SOURCE MATERIAL:
-=-=-

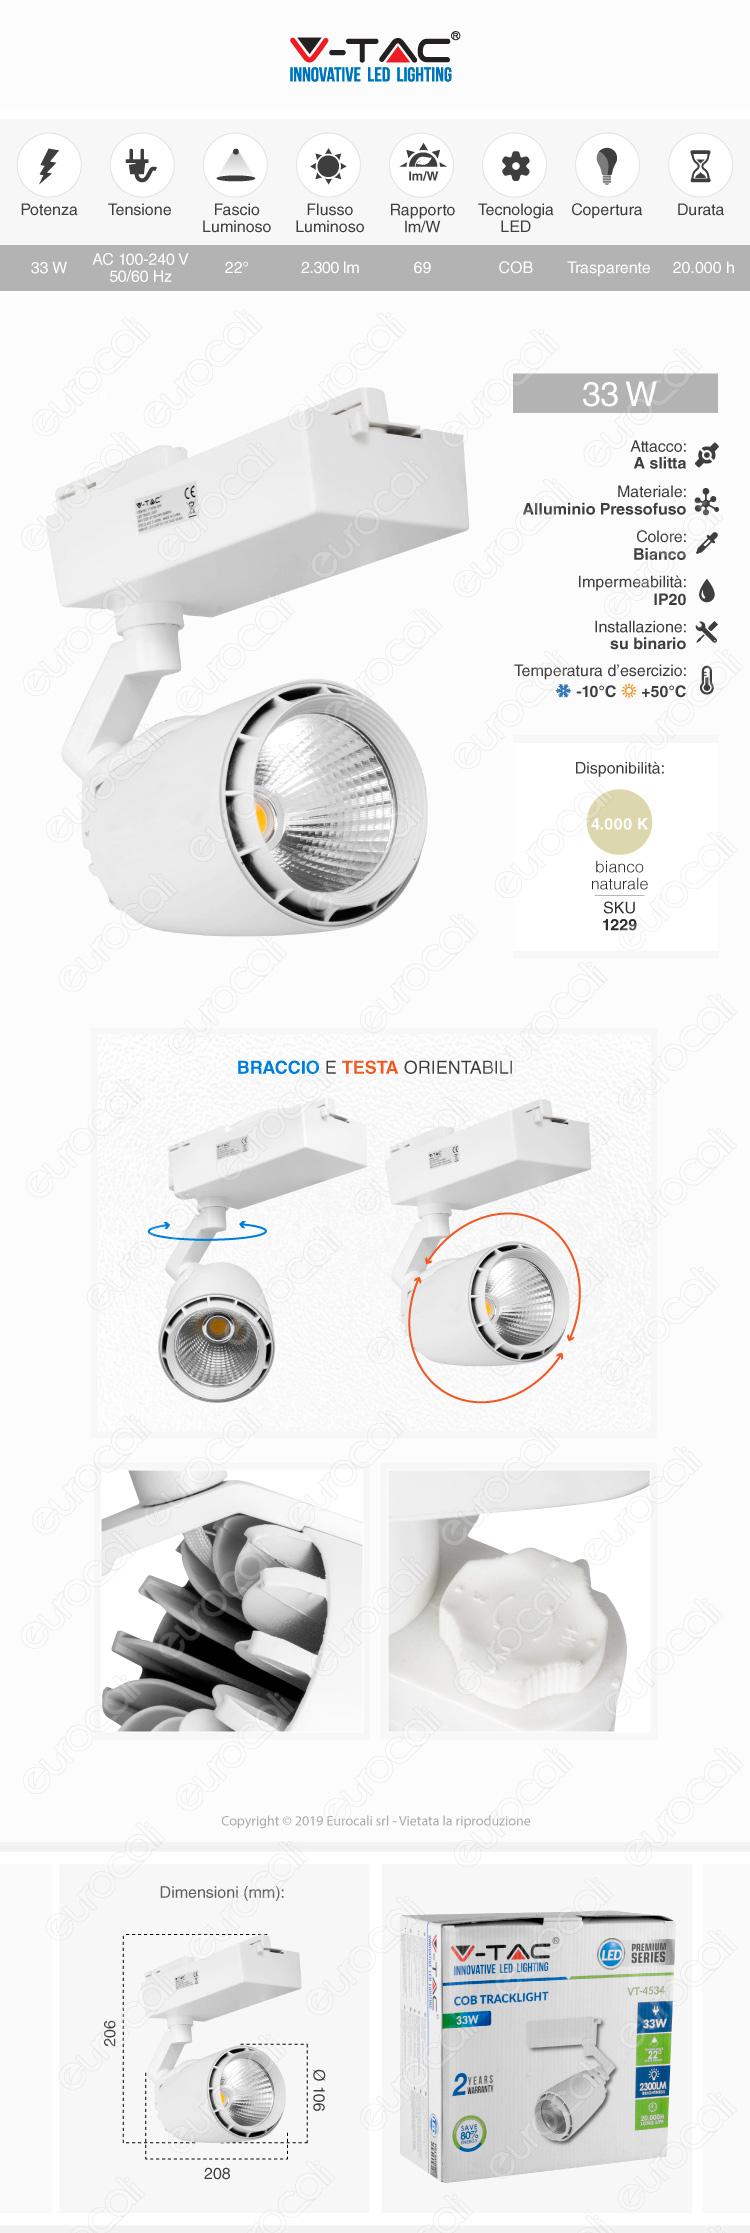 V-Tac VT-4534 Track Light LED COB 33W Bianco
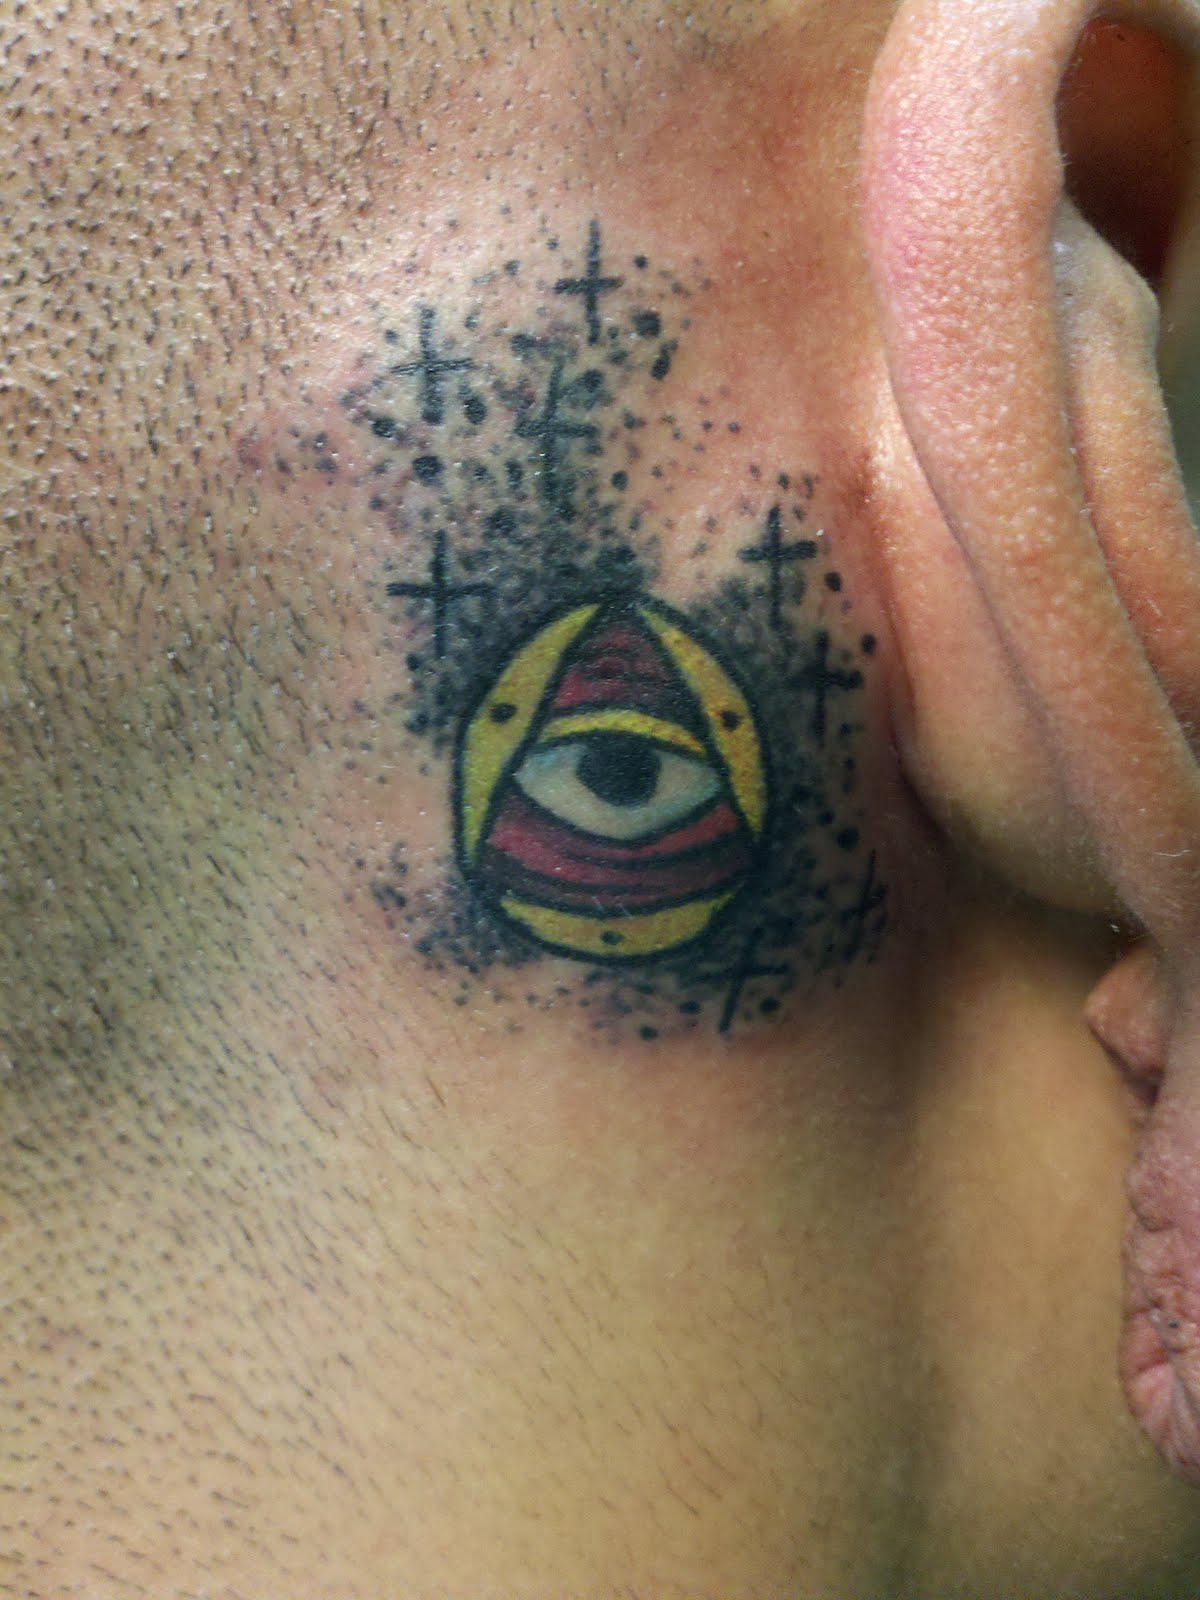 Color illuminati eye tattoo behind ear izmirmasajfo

-=-=-

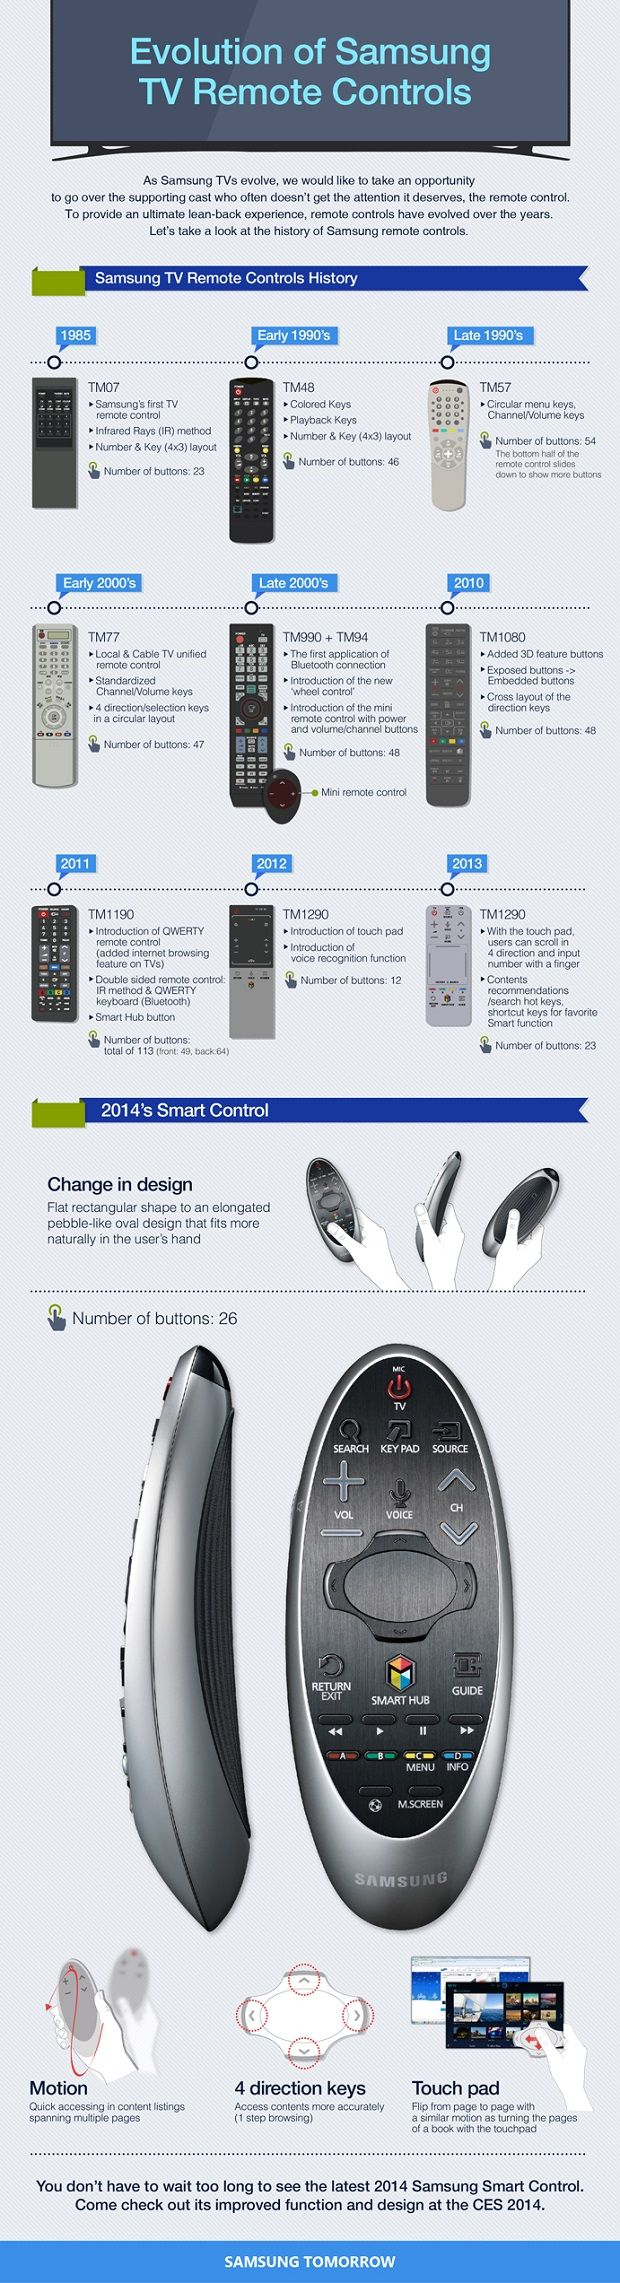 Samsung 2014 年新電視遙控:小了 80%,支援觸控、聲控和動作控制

-=-=-

THE TASK: Copy only these lines from the records above, exactly: the one with "V-Tac VT-4534 Track Light LED COB 33W Bianco", the one with "Color illuminati eye", and those between. Skip the pictures.

RESULT FOR THIS EXERCISE:
 V-Tac VT-4534 Track Light LED COB 33W Bianco
 Color illuminati eye tattoo behind ear izmirmasajfo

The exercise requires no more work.